Maximum sum of numbers, one from each set, with constraints
June 23, 2014 10:16 PM   Subscribe

Working on a personal project, I am running into a number of math problems of the kind described within. I am not a math expert, so I don't know what to call these kinds of problems, so I don't know how to search for information about them.

Here is an example of the kind of problem I am trying to find the answer to.

There are ten sets of numbers with three numbers each (X, Y, Z).
I want to find the greatest possible sum of (for example) 4 Xs, 2 Ys, and 1 Z
BUT: (for example) If an X is chosen from a set, the Y and Z value from that set cannot be chosen.

My questions are:
Is there a name for these kinds of problems?
Is there a general method to make sure I always find the greatest possible sum, that will work even when the details change? Sometimes I have more sets, sometimes there are more numbers within each set, sometimes more than one number can be taken from inside a set, each problem is different, but I am always trying to calculate the greatest possible sum.

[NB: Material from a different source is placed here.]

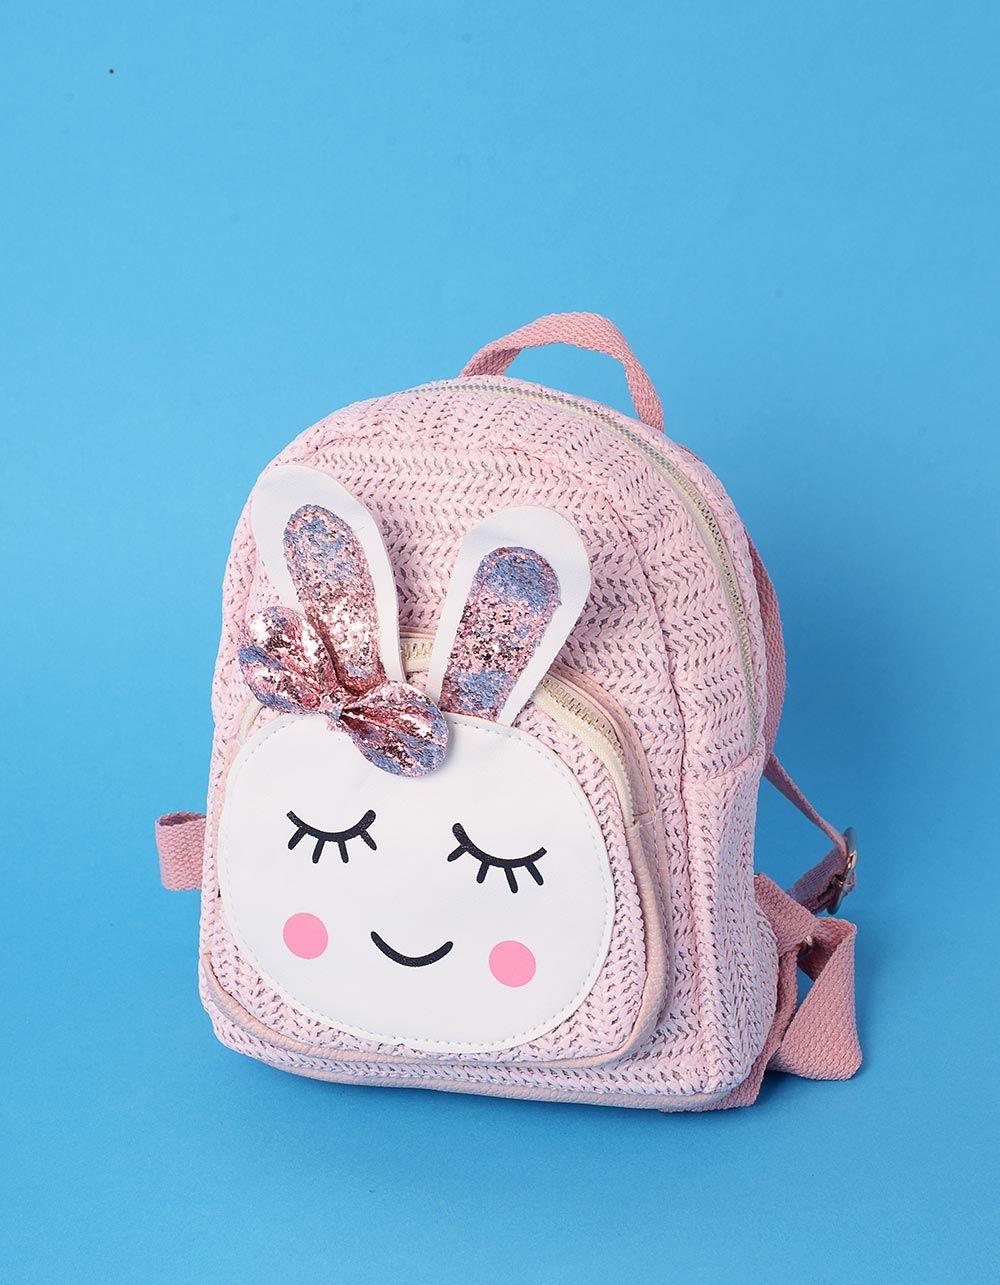 Рюкзак невеликий плетений з зайчиком | 239319-14-XX

If I haven't been clear, please ask questions, and I will do my best to explain.
posted by moonroof to Grab Bag (11 answers total) 2 users marked this as a favorite
The most brain-dead, but guaranteed accurate way possible would be to sum every possible permutation and sort.
posted by empath at 10:30 PM on June 23, 2014

I think these are generally called optimization problems, but that's a name that covers a lot of ground. Still, it might be a useful search term for you.

I would see if dynamic programming is applicable to your problems. It's a technique that's fallen into half-obscurity, but it's really good at certain classes of search or optimization problems.
posted by hattifattener at 10:31 PM on June 23, 2014

The most brain-dead, but guaranteed accurate way possible would be to sum every possible permutation and sort.

That approach works if the number of sets is small, but it doesn't scale well as the number of sets grows. (It scales at least as the square, and it may scale as the factorial.)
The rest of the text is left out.